Hanna Mäenpää, Tarja Toimela, Pirjo Saransaari, Lotta Salminen
and Hanna Tähti

The anticancer drug tamoxifen is widely used in breast cancer therapy. Tamoxifen has been reported to cause ocular toxicity and impairment of vision in epidemiological studies. To study the possible role of an excitotoxic mechanism in the ocular toxicity of tamoxifen, we investigated the effect of tamoxifen on retinal pigment epithelium (RPE) glutamate uptake in vitro. RPE, a layer of cells between photoreceptors and choroidal capillaries, contributes to the regulation of the concentration of the major excitatory amino acid, glutamate, in the subretinal space. Dysfunction in RPE glutamate uptake can lead to accumulation of extracellular glutamate and can cause various excitotoxic effects in the retina.

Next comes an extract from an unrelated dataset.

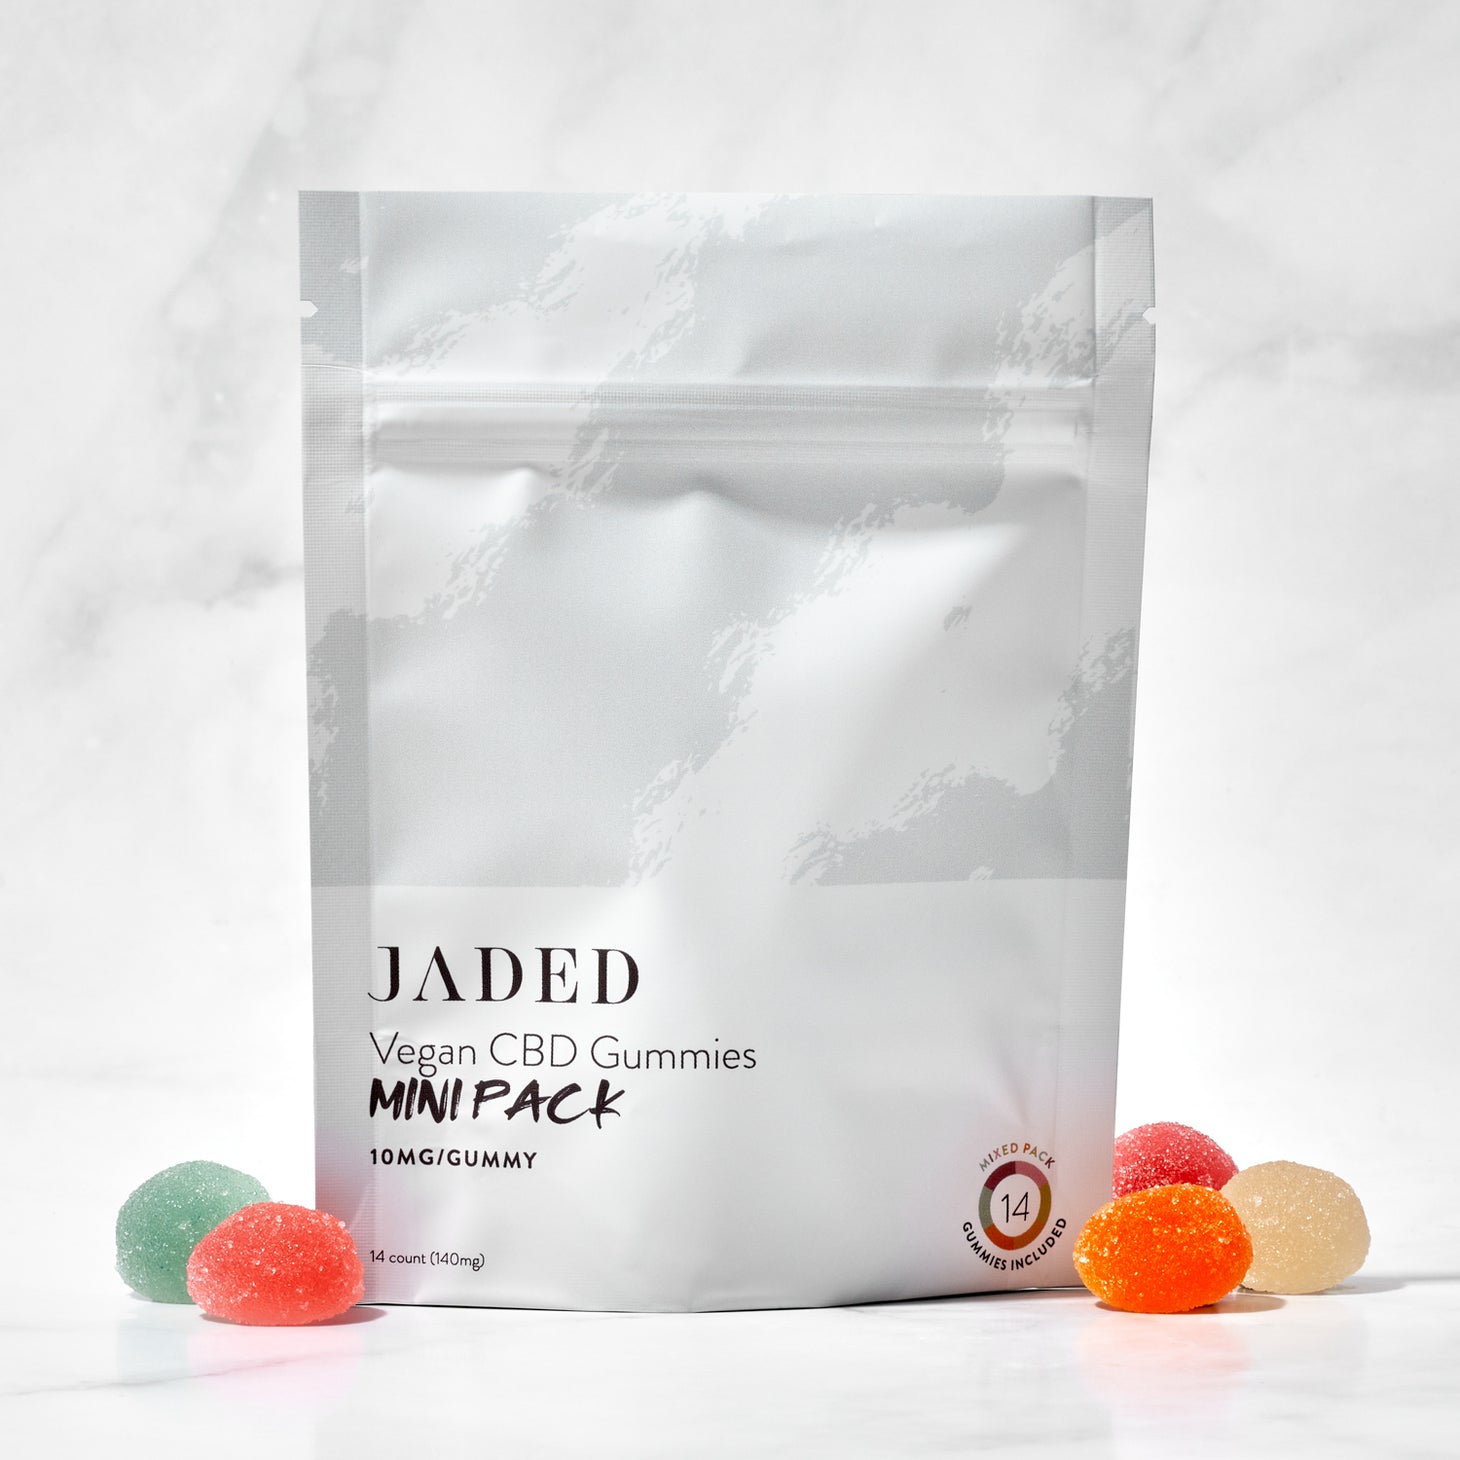 JADED Vegan CBD Gummies Mini Pack 14 count

The study was conducted by using cultured pig RPE cells. Six different tamoxifen citrate concentrations, ranging from 1μM to 100μM, and [3H]-L-glutamate were added to the culture medium. To specify the glutamate uptake, 1mM dinitrophenol was added and a Na+-free culture was used. Due to the anti-oestrogenic character of tamoxifen, the possible effect of β-oestradiol on the glutamate uptake of RPE was also examined. The results show that glutamate uptake by RPE cells was reduced in the presence of tamoxifen, and that the reduction was dose-dependent. These results suggest that tamoxifen exposure could lead to the extracellular accumulation of glutamate. Disturbances in glutamate uptake can cause eye toxicity via an excitotoxic mechanism. The glutamate uptake of RPE cells was reduced under Na+-free conditions and was also reduced in the presence of dinitrophenol.